__INPUT__.
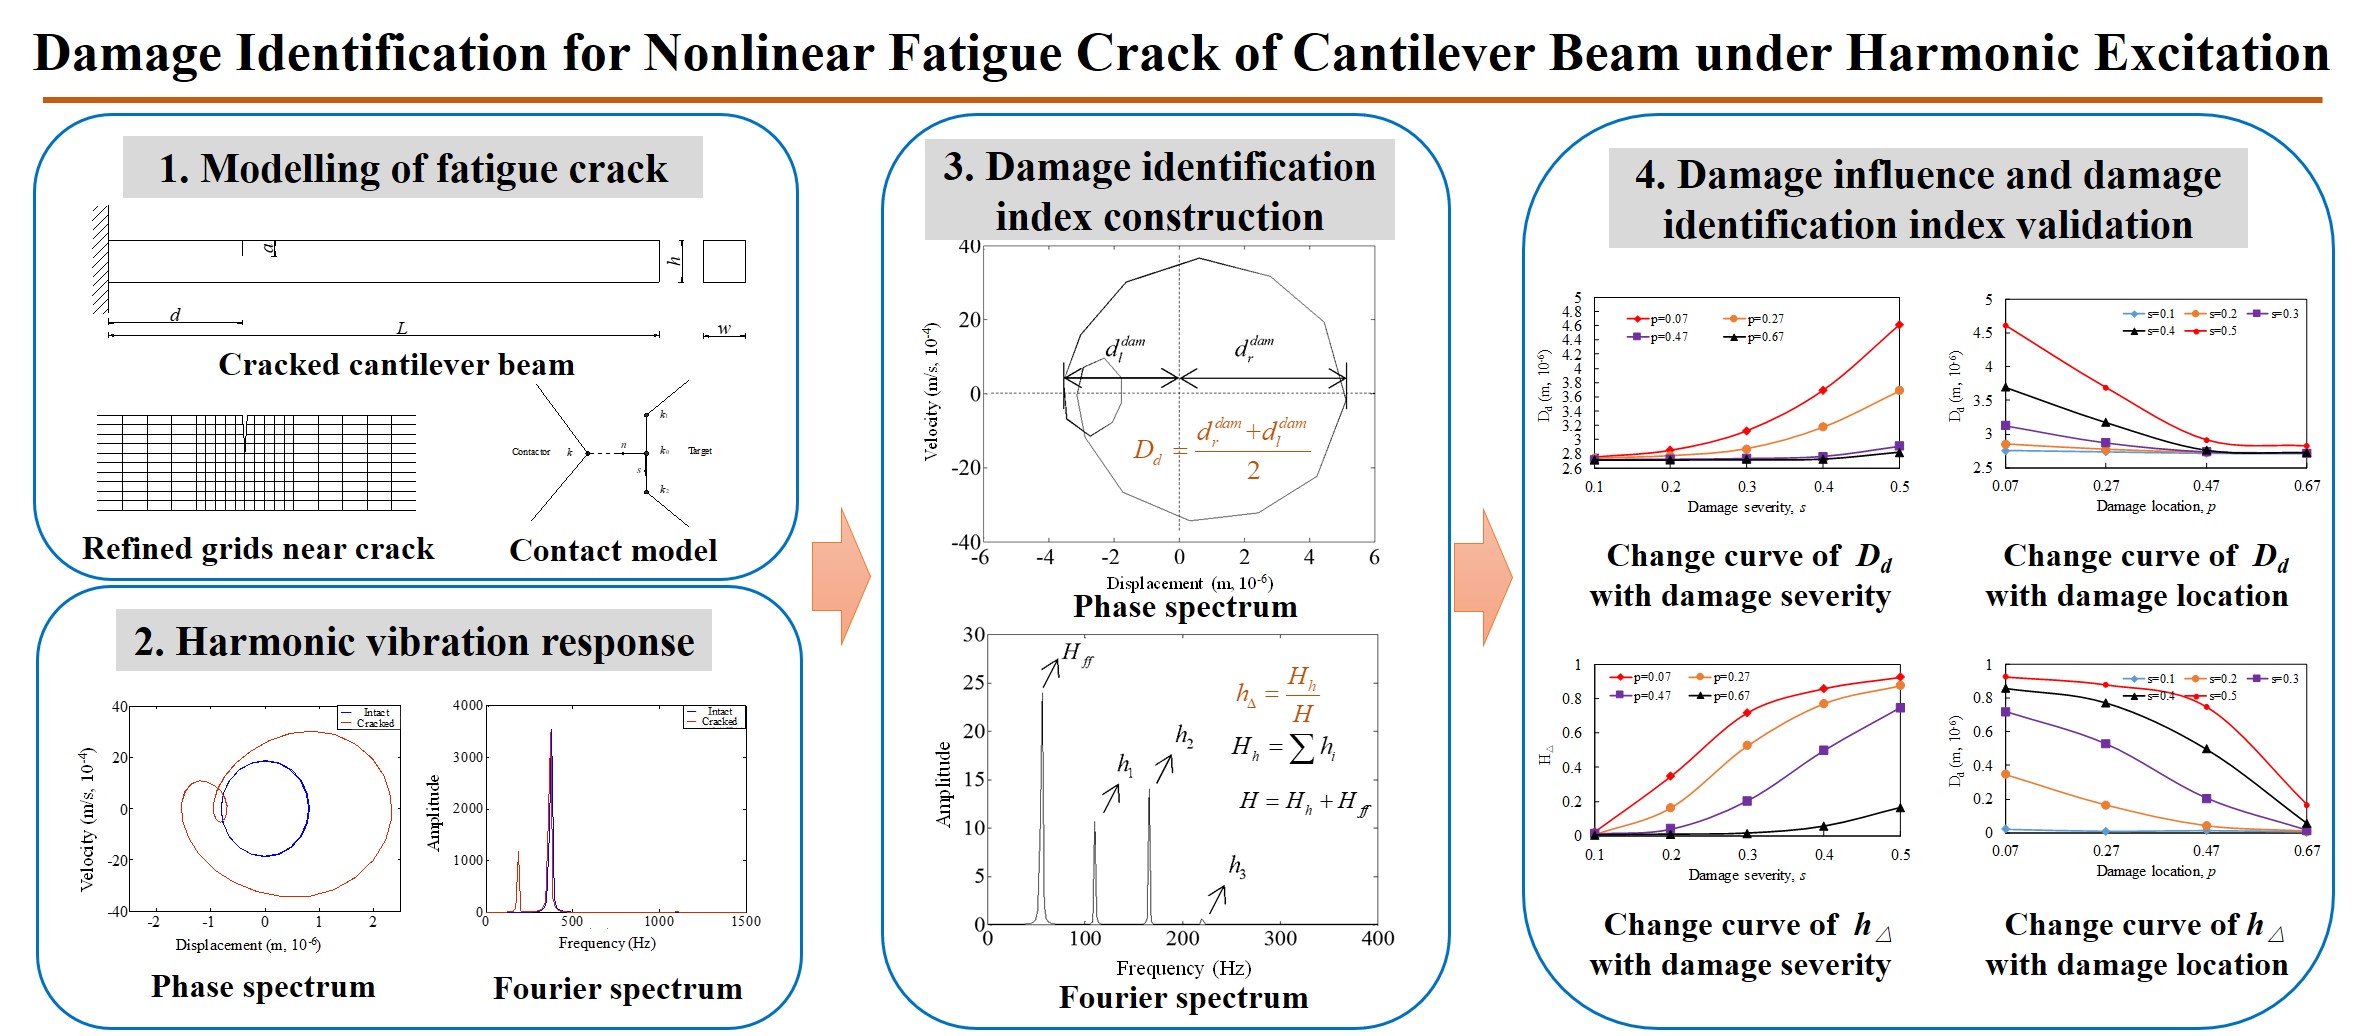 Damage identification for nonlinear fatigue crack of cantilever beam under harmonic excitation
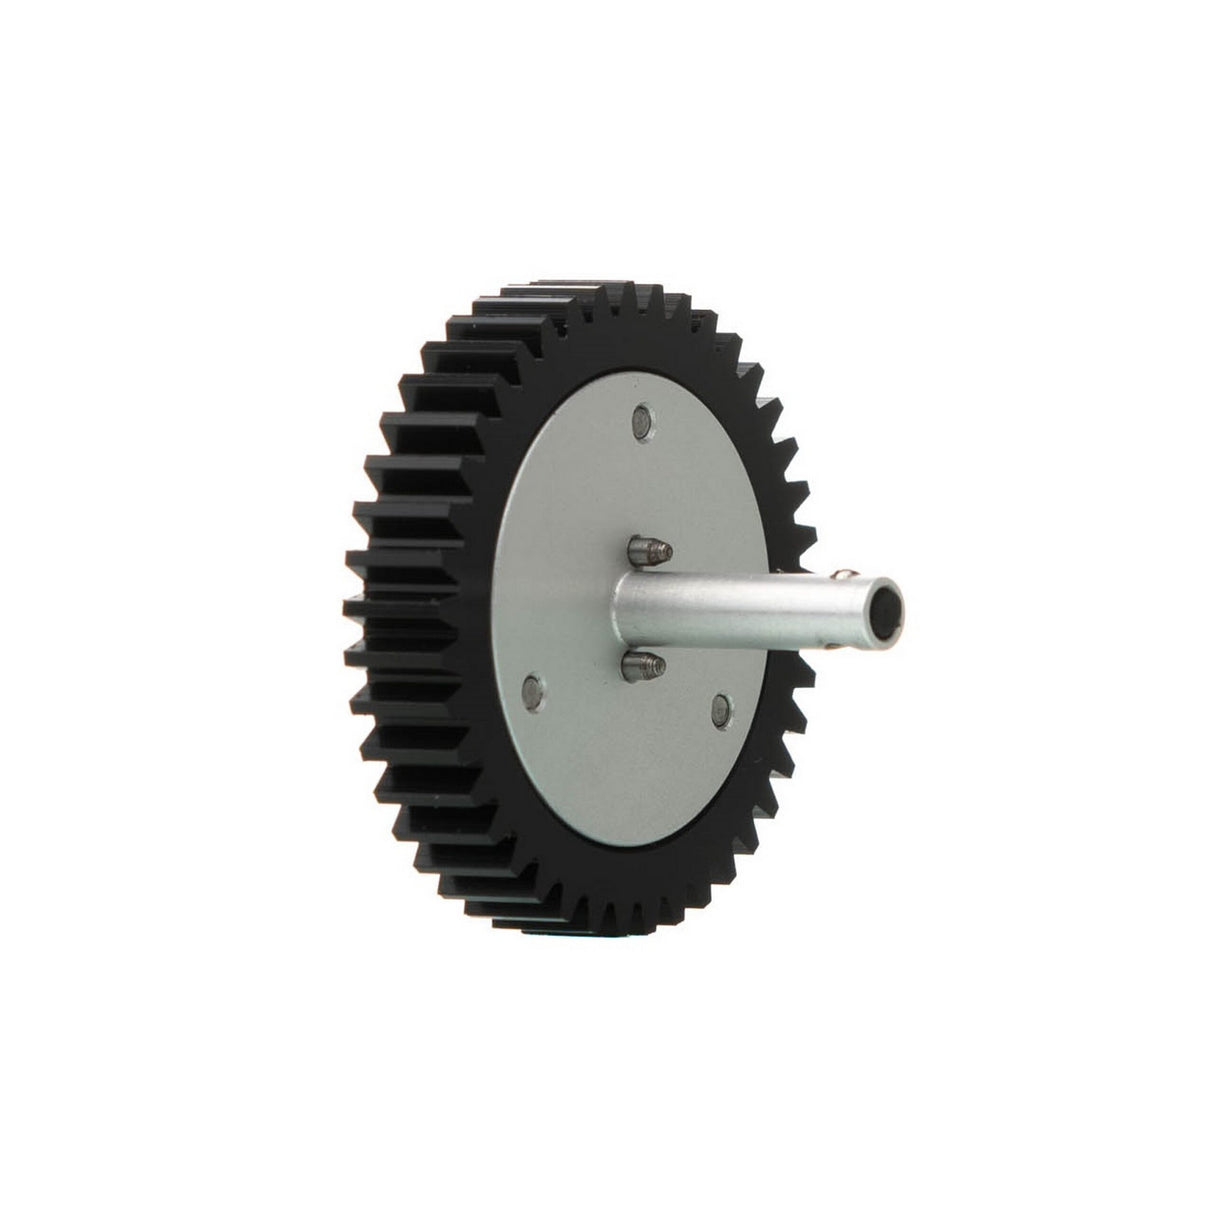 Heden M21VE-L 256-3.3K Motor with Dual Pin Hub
--
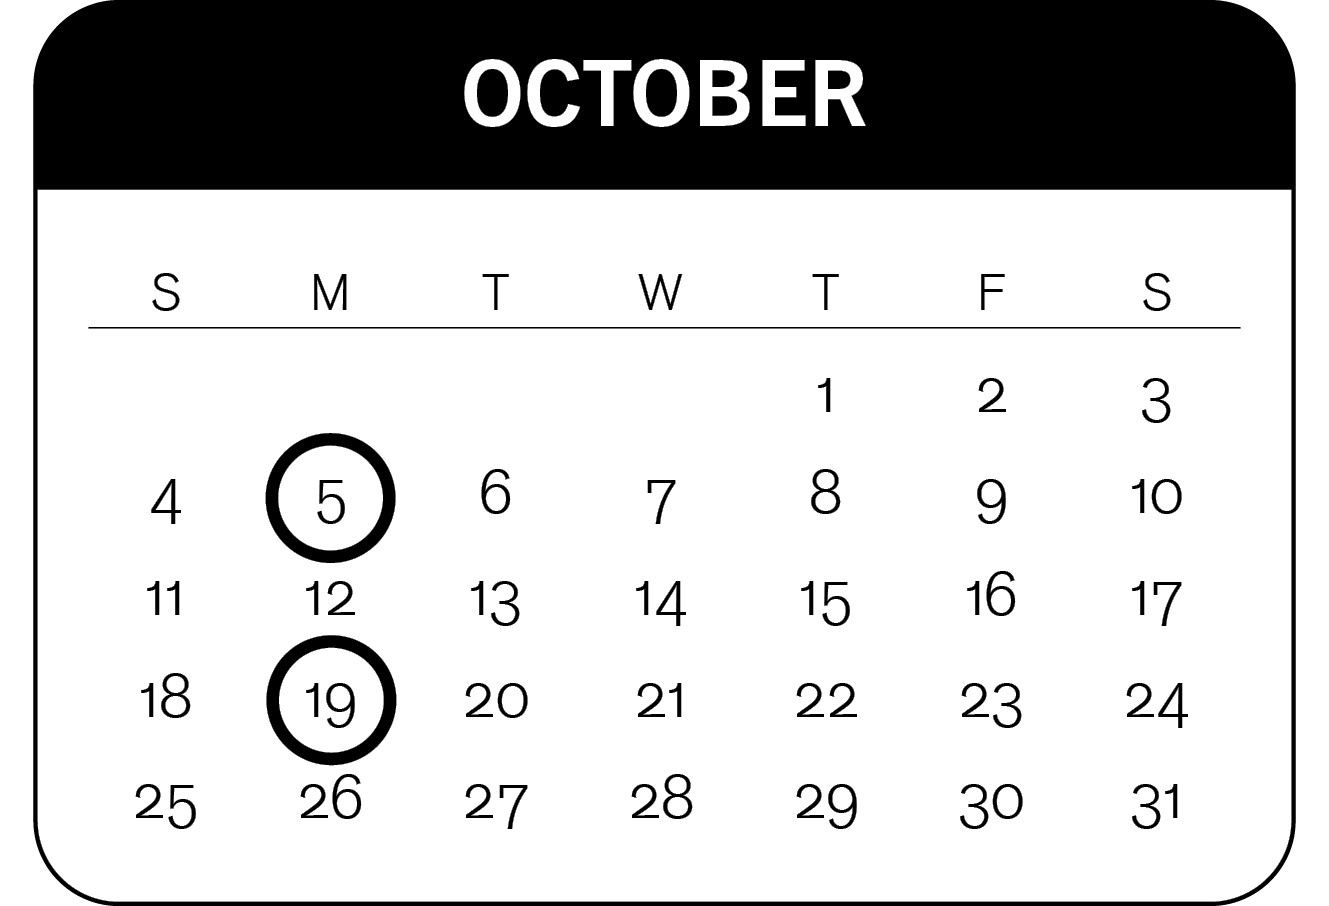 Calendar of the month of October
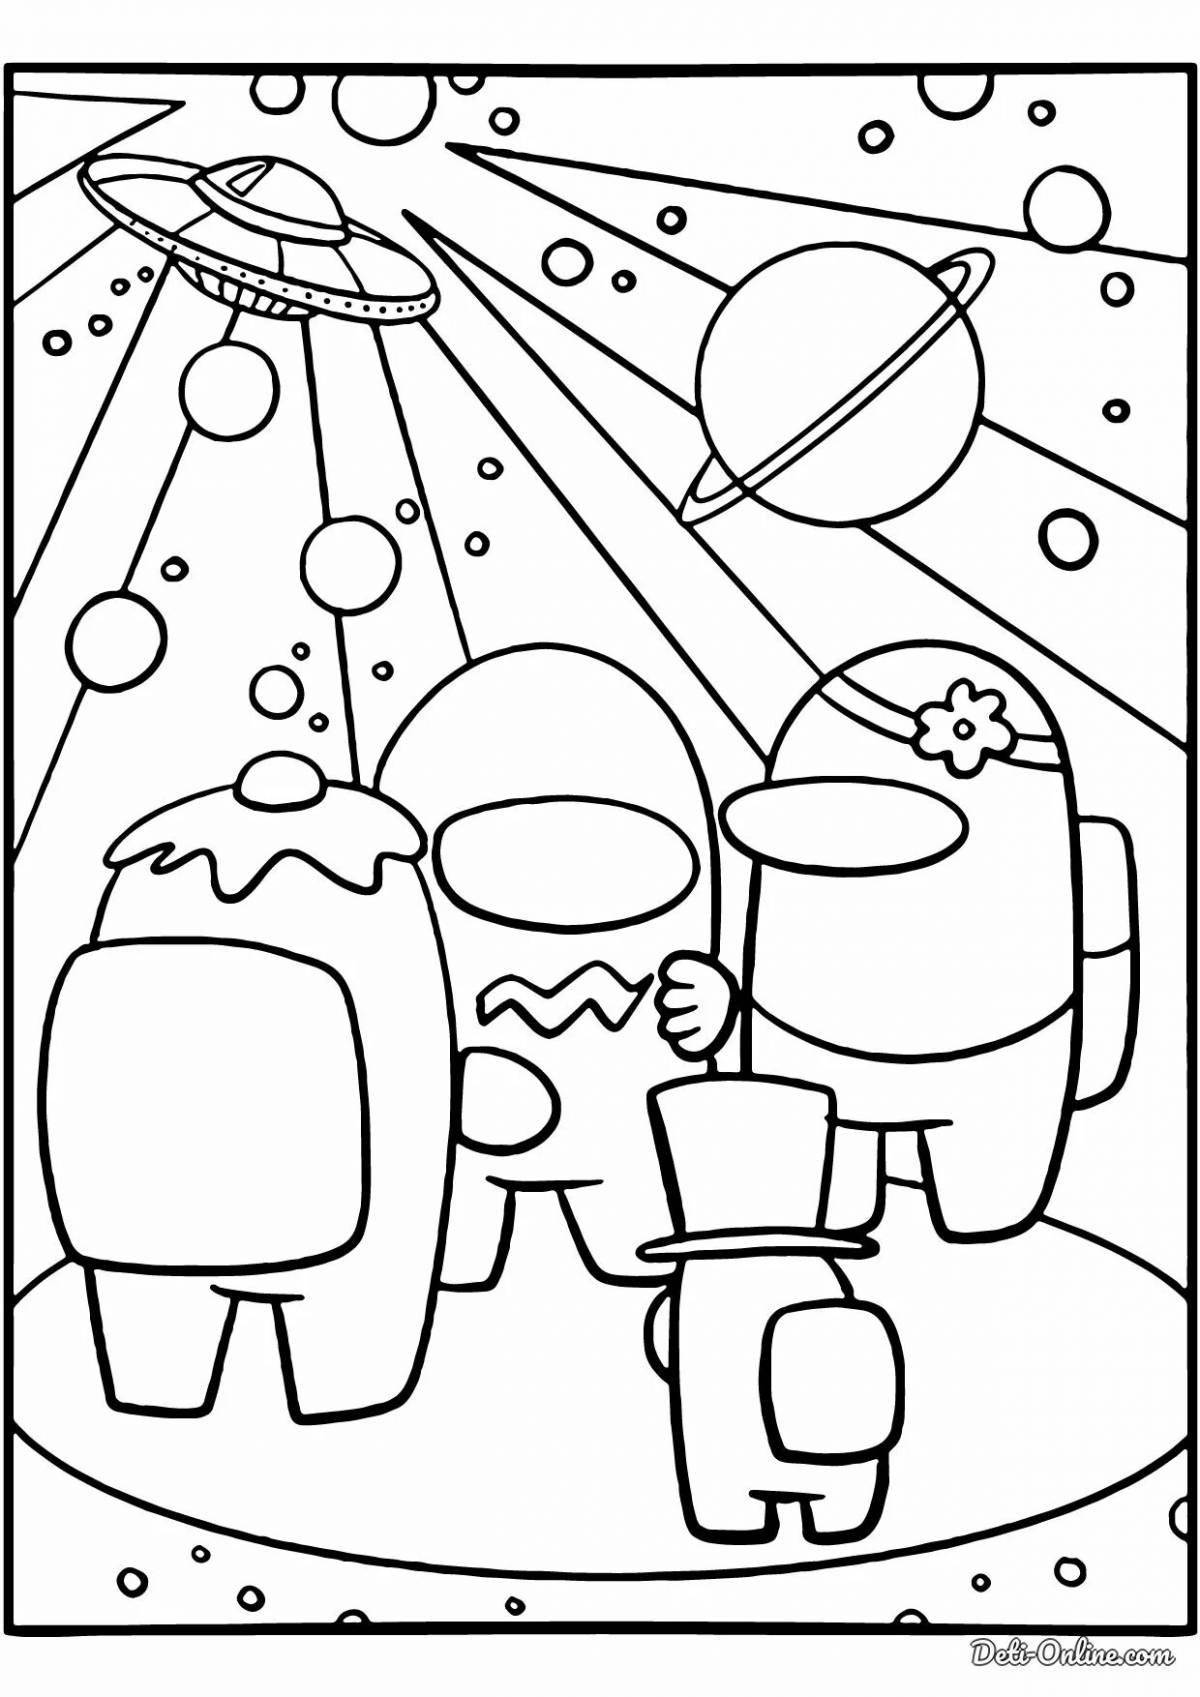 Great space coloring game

__INSTRUCTIONS TO FOLLOW__. Word for word, retype the lines in the entries above that run from the one with "Calendar of the month of October" through the one with "Great space coloring game". Both ends count; pictures do not.

__SOLUTION BELOW__.
 Calendar of the month of October
 Great space coloring game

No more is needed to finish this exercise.